「窗戶是死人走的,不能亂跨!」白知飲又氣又急,打開門繞圈子去到窗邊,忍不住數落他。
李庭霄被震得半天沒說出話:「……白知飲,你怎麼還信這個?」
白知飲臉一紅,扭身回房去了,這次卻留了門。
他房間裡一向打掃得乾淨整齊,但由於才起,昨日穿過的衣衫搭在翠竹矮屏風上,李庭霄竟從中看出幾分溫馨來。

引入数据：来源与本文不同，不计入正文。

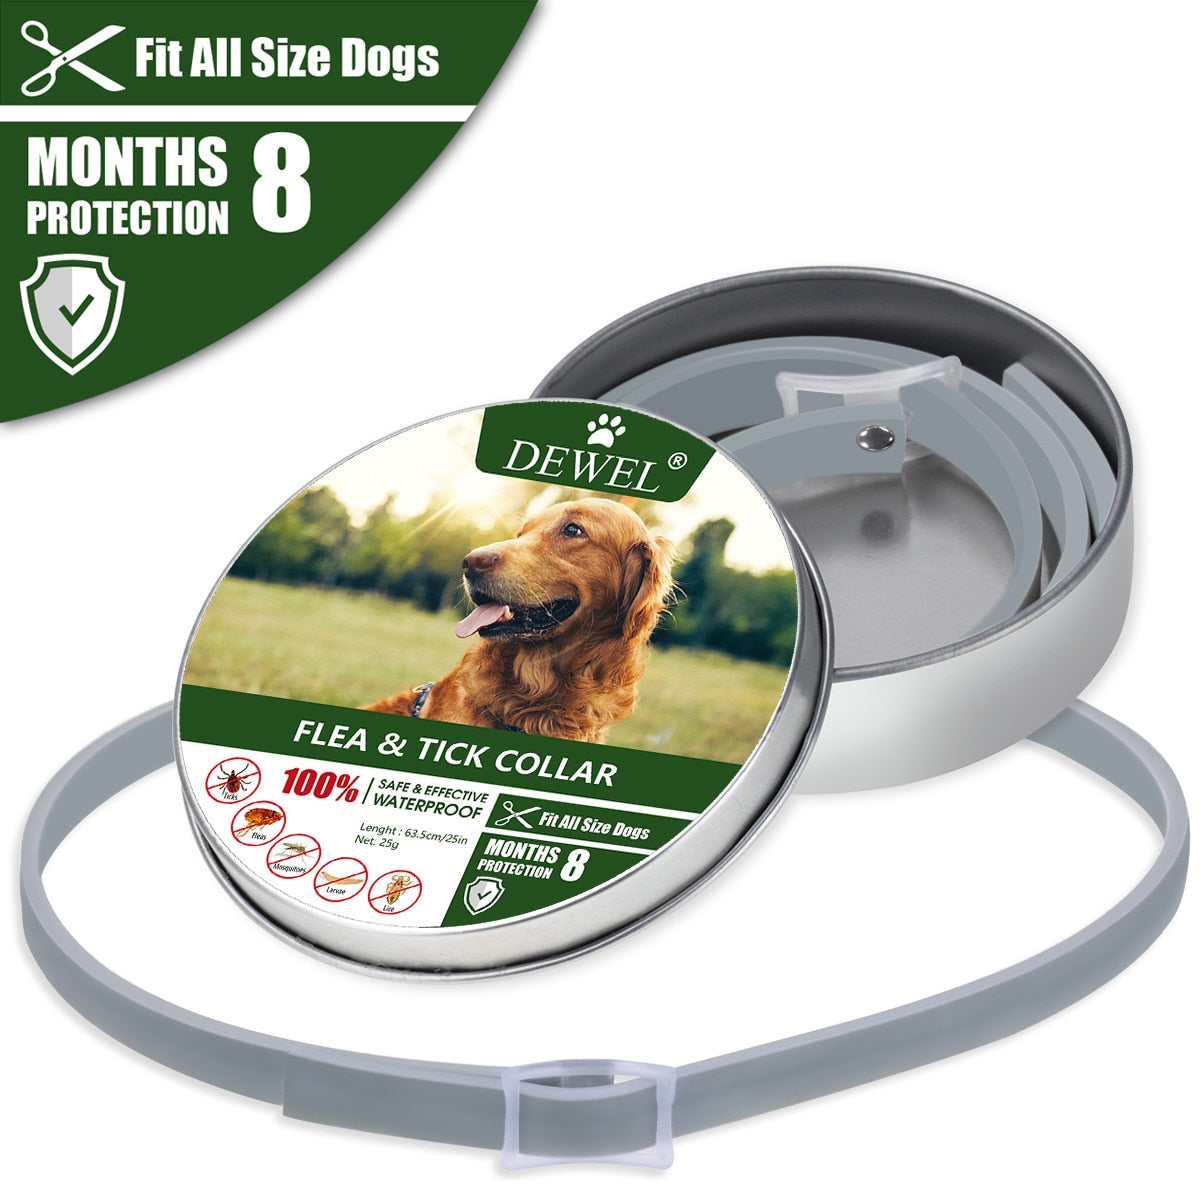 Anti-flea and insect collar - 8 month protection

他大剌剌往白知飲才抻平的褥子上一躺,床鋪又被弄得皺巴巴的。
白知飲氣結,抱著被子無處放,只好好聲好氣商量:「殿下,起來吧?」
李庭霄瞥了他一眼,不但沒動,還岔開了腿。
白知飲額角的青筋都要鼓了,磨著牙打量他一遍:「褲縫開了。」
李庭霄「騰」地坐起來,叉著腿仔細檢查,姿態很不雅觀,白知飲被逗得抱著被子笑個不停。
心知上當,李庭霄佯怒:「好你個白知飲,看本王不教訓你!」
他把他狠狠按在床上,順手奪過他懷裡的被子罩在他身上,整個人八爪魚似的壓上去,把他牢牢裹在裡面。
被子裡的人似乎很不服氣,拼命扭動掙扎,可李庭霄人高馬大,一百四五十斤的重量全擱在上頭,他如何掙得脫?
「放開!殿下別鬧了!放開我!」
白知飲驚恐的聲音悶悶地從被子裡傳出來,李庭霄胸膛里湧出小小快感,他越是掙扎,他越是撒歡兒地緊緊桎梏住被子裡的人。
誰讓他惹自己!
後來,不掙扎了,也不叫了。
李庭霄以為他累了,擔心他透不過氣,掀開被子逼問:「錯了沒?」
白知飲趴著不動,肩膀微微顫抖。
李庭霄得逞地抽下他鬆散的額帶,捋了捋他亂蓬蓬的頭髮,將人拉起來,隨即怔住。
他對突如其來的光線極不適應,捂住臉,可李庭霄看見了,他臉色慘白泛青,上頭全是淚痕,眼都腫了。
「你怎麼了?」
白知飲死死捂著臉,搖頭時,淚水沿著指縫慢慢往下淌。
李庭霄趕忙把他拉進懷裡:「白知飲,怎麼了?告訴我!」
他突然想起他曾說過,他怕黑。
當時李庭霄沒當回事,以為他跟很多人一樣怕天黑,或是怕牢里的黑,現在想,有可能是經歷過什麼,怕的並非天黑,而是幽閉。